I was immediately rushed to another room. As I was leaving this room I asked for my phone, in which I had seconds to call Cody to tell him I was being rushed for an emergency C-section. Then I texted Pastor Keila right away. “Need prayer now, emergency C-section happening,” as I knew she would gather everyone to pray or somehow get it out for people to pray.

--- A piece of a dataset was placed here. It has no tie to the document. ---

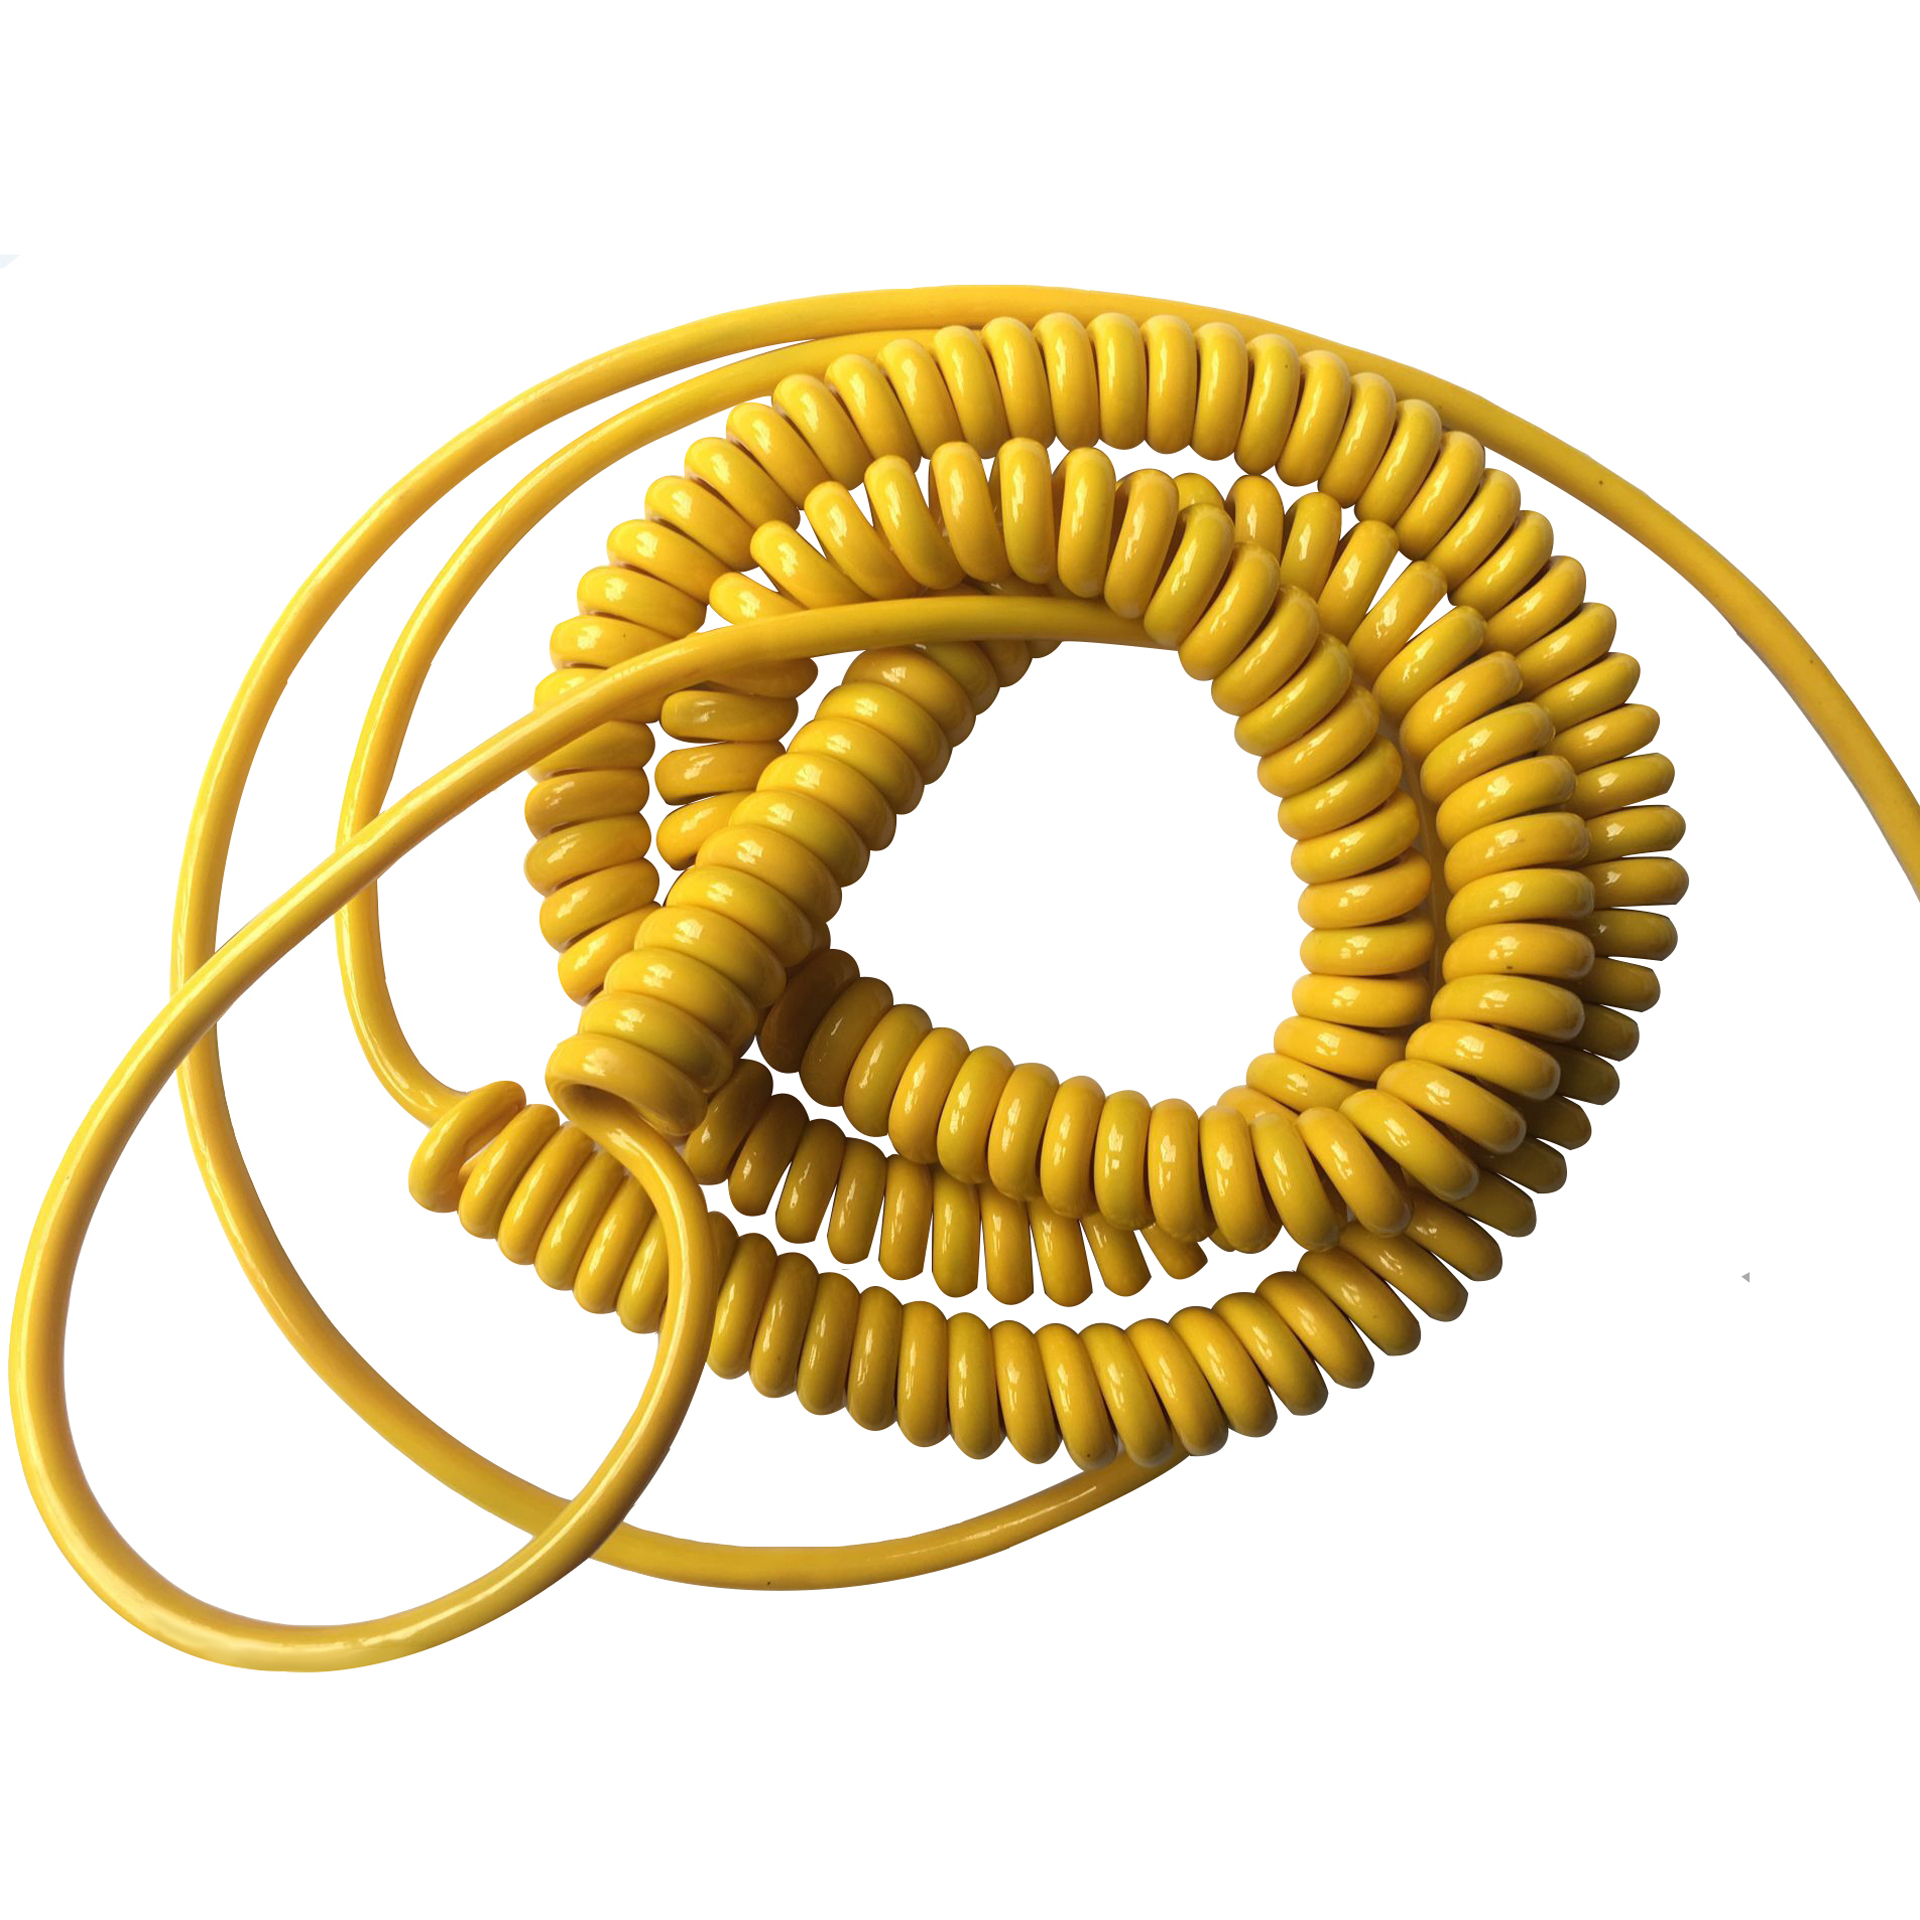 1000 mm coil closed length 5 6 7 8 core yellow pur material coiled cable extend lengh reach 10 meters long

There was a lot of movement all around me with doctors, nurses, and staff in the room trying to quickly prep me for surgery. I honestly just stayed calm and continued praying speaking God’s promise over myself and Elijah. There were tears running down my face of course, but there was an unexplainable peace “that surpasses all understanding.” I had faith in My God.
Philippians 4:6-7 NKJV “Be anxious for nothing, but in everything by prayer and supplication, with thanksgiving, let your requests be made known to God; and the peace of God, which surpasses all understanding, will guard your hearts and minds through Christ Jesus.”
I woke up from the surgery in so much pain and discomfort. I wanted to know if Elijah was okay, but I couldn’t talk or open my eyes yet. I felt Cody touch my head and he took my hand and said “I’m here and Elijah is okay.” Praise God!
What had happened was a placenta abruption, which meant the placenta was detaching from the womb and bleeding. My OB said that this was a very rare situation. He was shocked I didn’t show symptoms of what was happening and that everything worked out perfectly. If I didn’t have the appointments that I did, or if I had been sent home there would have been a different outcome. He told Cody because of where we lived, Elijah and I would have died. Elijah was out within 16 minutes based on what the report stated. The nurse who caught all of this and helped save my life was awarded and recognized. I am so grateful for her.
God is amazing. Elijah and I are still here. Elijah has an abnormal aortic arch, but the doctor says he is strong and healthy, just the “mechanics” are a little different.
We may not understand the things we go through and we can’t see the bigger picture, but God can. He always has a plan and purpose. Choose to trust in Him. He still works miracles, heals, restores, and so much more. Choose to worship through both the valley and mountain tops. Don’t let the enemy silence your praise.